Chapter 7, Decision Trees, explains that decision trees are like flowcharts and can be programmatically built using concepts such as Entropy or Gini Impurity. The golden egg in this chapter is a case study that shows how we can predict whether a person's loan application will be approved or not using decision trees.
Chapter 8, Ensembling on Big Data, explains how ensembling plays a major role in improving the performance of the predictive results. I cover different concepts related to ensembling in this chapter, including techniques such as how multiple models can be joined together using bagging or boosting thereby enhancing the predictive outputs. We also cover the highly popular and accurate ensemble of models, random forests and gradient-boosted trees. Finally, we predict loan default by users in a dataset of a real-world Lending Club (a real online lending company) using these models.
Chapter 9, Recommendation Systems, covers the particular concept that has made machine learning so popular and it directly impacts business as well. In this chapter, we show what recommendation systems are, what they can do, and how they are built using machine learning. We cover both types of recommendation systems: content-based and collaborative, and also cover their good and bad points. Finally, we cover two case studies using the MovieLens dataset to show recommendations to users for movies that they might like to see.

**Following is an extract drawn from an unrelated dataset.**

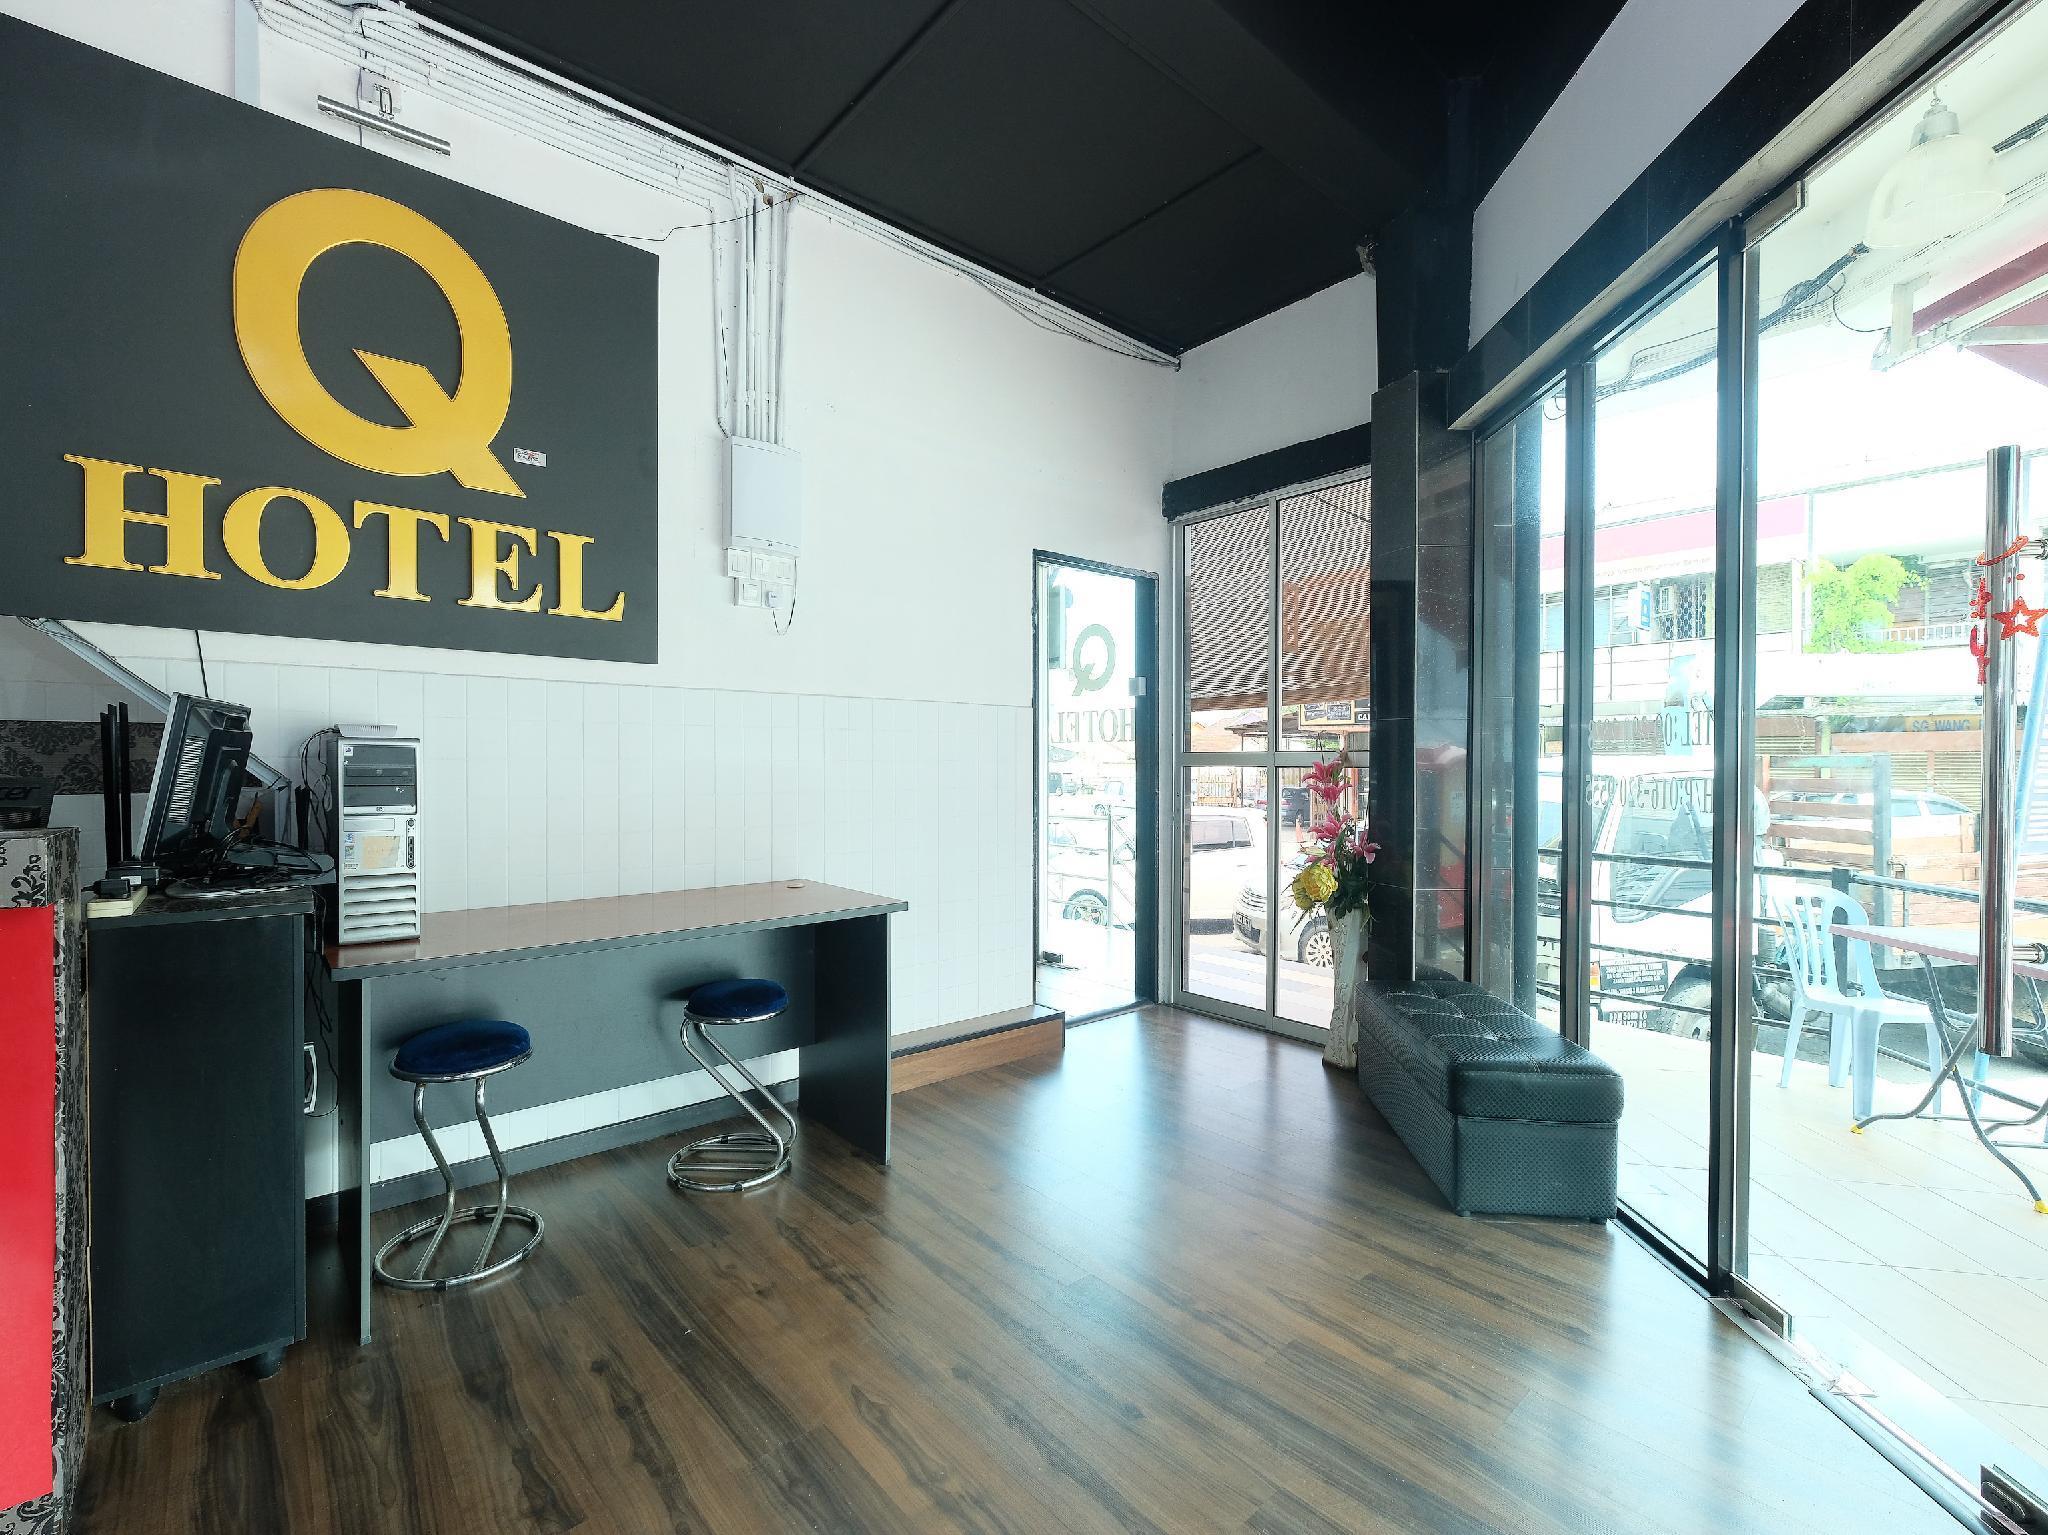 OYO 1104 Q Hotel

Chapter 10, Clustering and Customer Segmentation on Big Data, speaks about clustering and how it can be used by a real-world e-commerce store to segment their customers based on how valuable they are. I have covered both k-Means clustering and bisecting k-Means clustering, and used both of them in the corresponding case study on customer segmentation.
Chapter 11, Massive Graphs on Big Data, covers an interesting topic, graph analytics. We start with a refresher on graphs, with basic concepts, and later go on to explore the different forms of analytics that can be run on the graphs, whether path-based analytics involving algorithms such as breadth-first search, or connectivity analytics involving degrees of connection. A real-world flight dataset is then used to explore the different forms of graph analytics, showing analytical concepts such as finding top airports using the page rank algorithm.
Chapter 12, Real-Time Analytics on Big Data, speaks about real-time analytics by first seeing a few examples of real-time analytics in the real world. We also learn about the products that are used to build real-time analytics system on top of big data. We particularly cover the concepts of Impala, Spark Streaming, and Apache Kafka. Finally, we cover two real-life case studies on how we can build trending videos from data that is generated in real-time, and also do sentiment analysis on tweets by depicting a Twitter-like scenario using Apache Kafka and Spark Streaming.
Chapter 13, Deep Learning Using Big Data, speaks about the wide range of applications that deep learning has in real life whether it's self-driving cars, disease detection, or speech recognition software. We start with the very basics of what a biological neural network is and how it is mimicked in an artificial neural network. We also cover a lot of the theory behind artificial neurons and finally cover a simple case study of flower species detection using a multi-layer perceptron. We conclude the chapter with a brief introduction to the Deeplearning4j library and also cover a case study on handwritten digit classification using convolution neural networks.